I don’t know what to do with my future. I need proper advice.

I know many people will say no contact is the answer, but I don’t believe that is possible in this case. I believe she still loves me, but past hurt and family pressure are stopping her. I have been working on myself a lot, and I know I won’t hurt her again. I just don’t know what to do.

She had also started turning avoidant slowly even when I was actively working on myself and had improved significantly.

I also want to understand how I can make her see that marriage with me would not be as scary as she thinks.

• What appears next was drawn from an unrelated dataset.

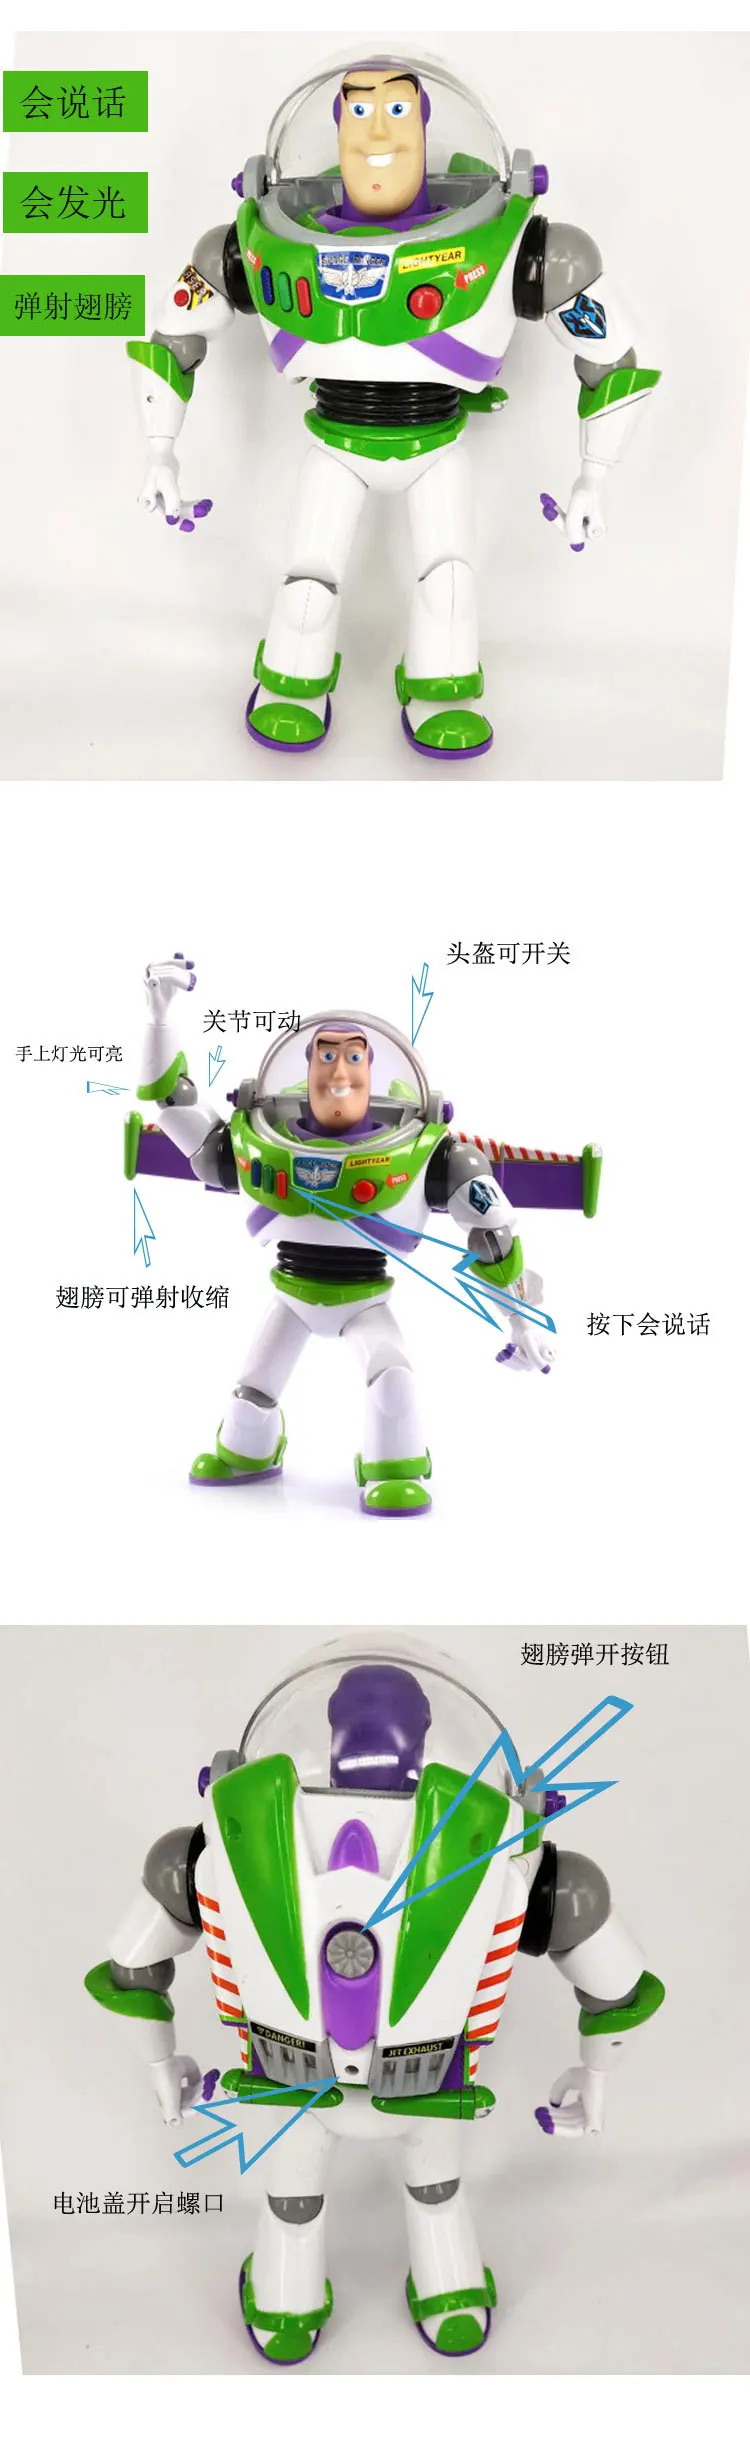 Игрушка "Дисней" История 4 игрушки Pixar Buzz Lightyear Can talk Woody Forky Alien Аниме Фигурки игрушки для детей подарок на день рождения

In the beginning, I was reluctant to fight my family for marriage. But over time, I became very comfortable with the idea and told her that. I also suggested studying abroad together, or attending the same university abroad like one of my siblings, just to show her that I am serious about us—that I would hold her hand even in front of my family in another country, and that I would fight and convince them for us.

I have asked and even begged for us to go to couples counselling while we were together, and also suggested individual therapy, but she refused or said it would not help, since things would fall apart again like before when she tried therapy.

I am honestly at my end. I genuinely don’t know what to do.

She has also said that she has always felt fear or dislike toward marriage, intimacy, and relationships. If that was true, then I don’t understand why she entered this relationship with me in the first place.

We were friends before the relationship, and she was the one who insisted on us being together. I was not fully over my past relationship at the time, and she still chose to stay and accept me.

She has also shared that at some point she got physically close to another guy while we were factually not together, so it was not technically cheating. However, she never fully broke contact with a guy I was always uncomfortable with. That same guy was emotionally significant to me because my first ex had confessed to him after our breakup.

Despite knowing my discomfort, she stayed connected with him. During fights, she would block him, and after breakups she would unblock him and say she didn’t even remember why she blocked him. Even during the relationship, she remained friends with that group and that guy, which I was uncomfortable with, but she often interpreted it as jealousy and even discussed or boasted about it with her friends.

I had also requested her, due to my past trauma, not to share her feelings about me with her friends or tell them she liked me, because it usually backfired and people would judge me unfairly for simply rejecting others.

She also shared a deeply personal secret of mine with her online friends when we were just friends—something I had never told anyone. When I confronted her about it, she brought up my ex, gave me a panic attack, and then left.

I also want to add that I have always tried to build a life together—suggesting we work together, study together, and plan together—but she would often pull back from these ideas. Sometimes she would agree and apply with me, but later I would find out she was applying everywhere on her own without including me or thinking about us. I was consistently the one trying to include her in every opportunity I saw, while I did not feel the same level of shared direction from her side.

There is so much more as well, and I am leaving out the parts where I hurt her too, I’m not trying to devoid myself of accountability by leaving them out, I have been extremely shameful about it and she knows as well, I have been apologetic over it and changing my behavior too she knows, and I have been atoning for my mistakes since the last year or so but I genuinely don’t know what to do. I don’t want to leave her, but staying friends with her is also breaking me from the inside, and not being able to pursue our future goals together is also breaking me from the inside.